OECD: the inheritance tax must be increased

It will be unpopular, and is not currently on the European agenda under the Recovery Plan, but the idea of ​​increasing the tax on inheritance and donations must be considered. This is supported by an OECD report which provides some data that are in some ways merciless, and which above all makes it a ethical and political as well as financial question: higher revenue would help public finances and help reduce inequality and the concentration of large estates. As regards the contribution that today the inheritance tax makes to the budgets of OECD countries, the 2019 figure speaks for itself: 0,5% on average, with France and Belgium approaching 1,5% and only Korea South that surpasses it. Italy is the sixth "worst" country, with an almost irrelevant contribution, less than 0,2%. Only Portugal (where the tax does not even exist), Lithuania, Poland, Hungary and Slovenia do less. In total, the figure is less than 0,25% in 9 countries out of 36 OECD members.

In the meantime, according to the organization, this situation is being created by the increasingly frequent tax breaks, but also by some increasingly sophisticated formulas of tax "optimization", so to speak, for example through trusts. Not to mention the real tax fraud, notoriously feasible through offshore havens, by transferring one's account to countries where banking secrecy still exists or by finding one of the many ways to evade the tax. "Taxes on inheritance and gifts should have a greater weight in the member countries", argues the OECD which raises the alarm above all on the concentration of wealth, which tends to become more and more accentuated. Especially after 2020, which was marked by the pandemic and the economic crisis, but which was a year to remember for billionaires from all over the world. Leaving aside the extreme cases of Jeff Bezos and Elon Musk, the fortunes of billionaires have grown by 14% in Europe, 25% in North America and 50% in Asia.
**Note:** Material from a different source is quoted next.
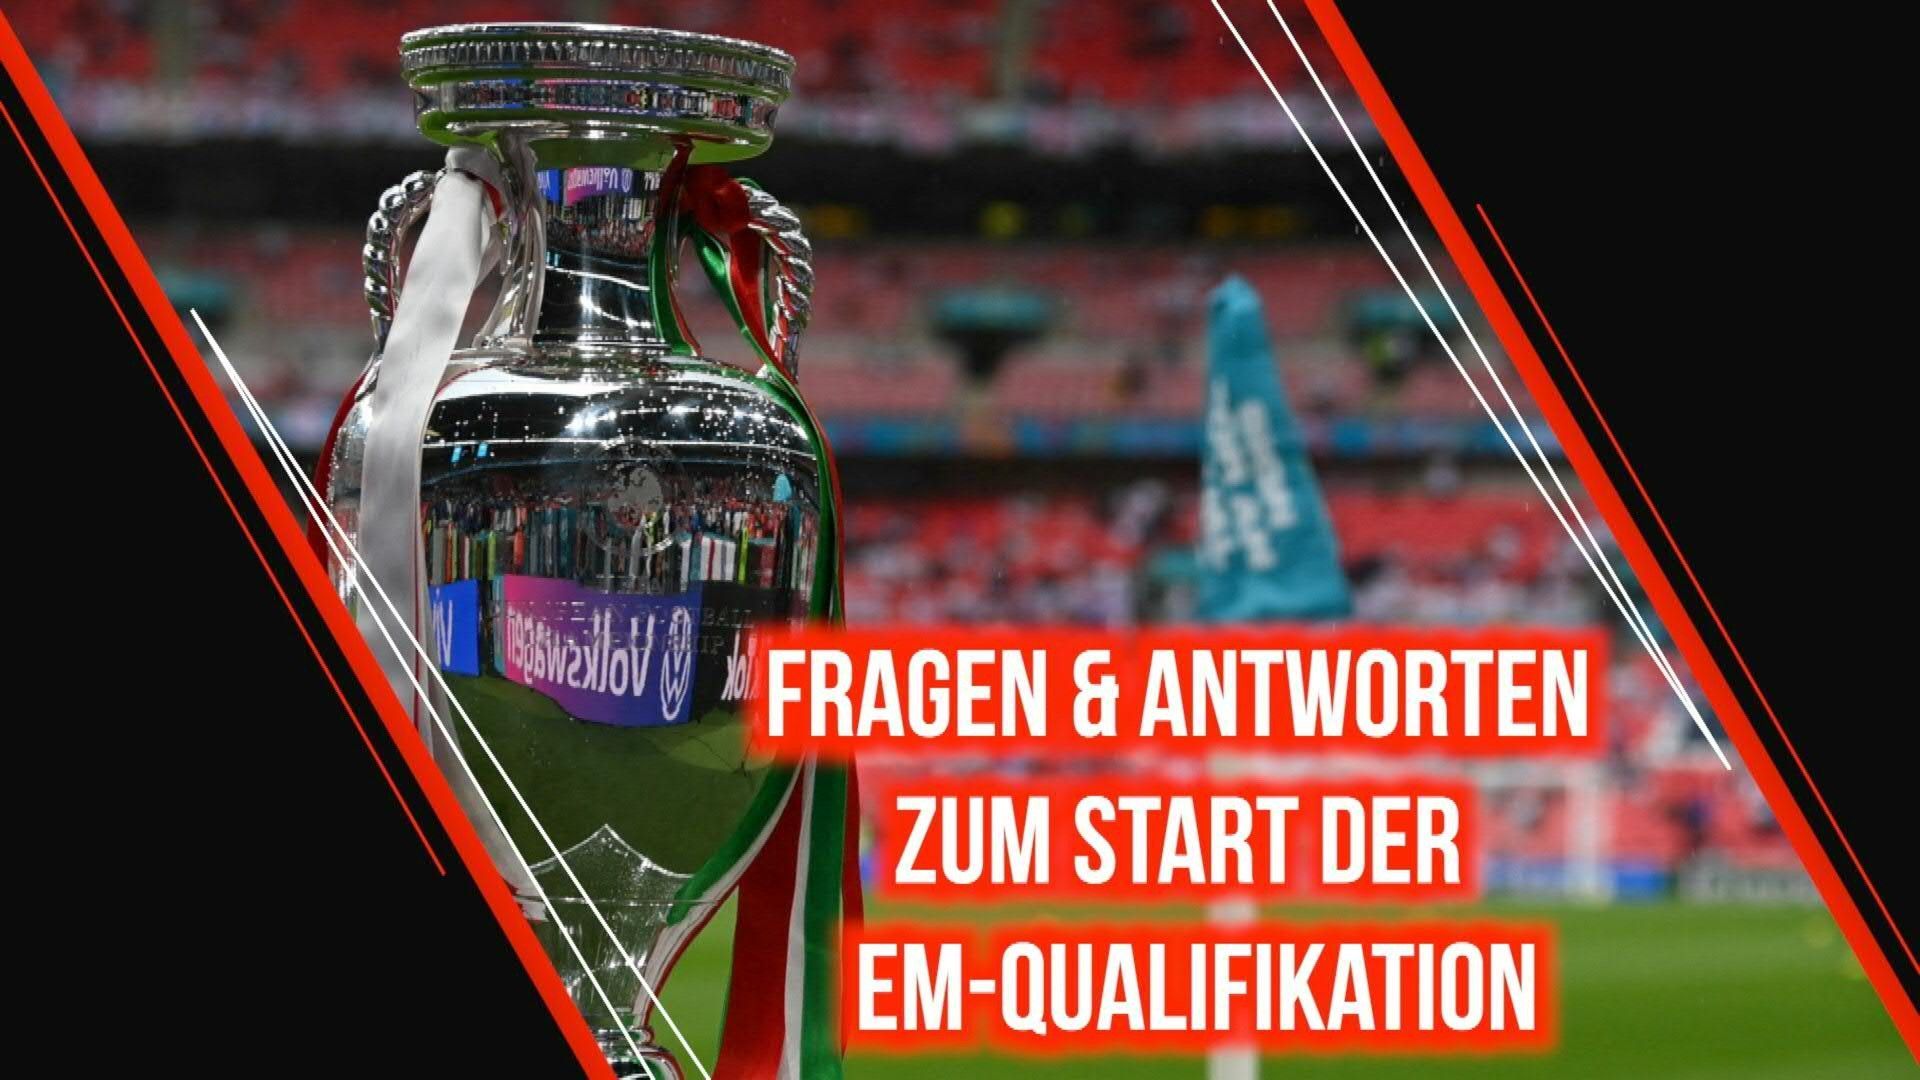 Questions and answers about the European Championship qualification

Since the beginning of the pandemic, the assets of the top 10 billionaires in the world have increased by a total of 540 billion dollars. In the world today, the richest 10% hold over half of global wealth, on average. A few hundred of the super rich own as much as 4,6 billion other people. While bottom 50% have less than 1%. It is also for this reason that the OECD calls for a change of pace: the theme in this case is not to hit the assets of individual people, but to ensure that wealth is not perpetuated forever in the hands of a few dozen families, to the detriment of others and public coffers.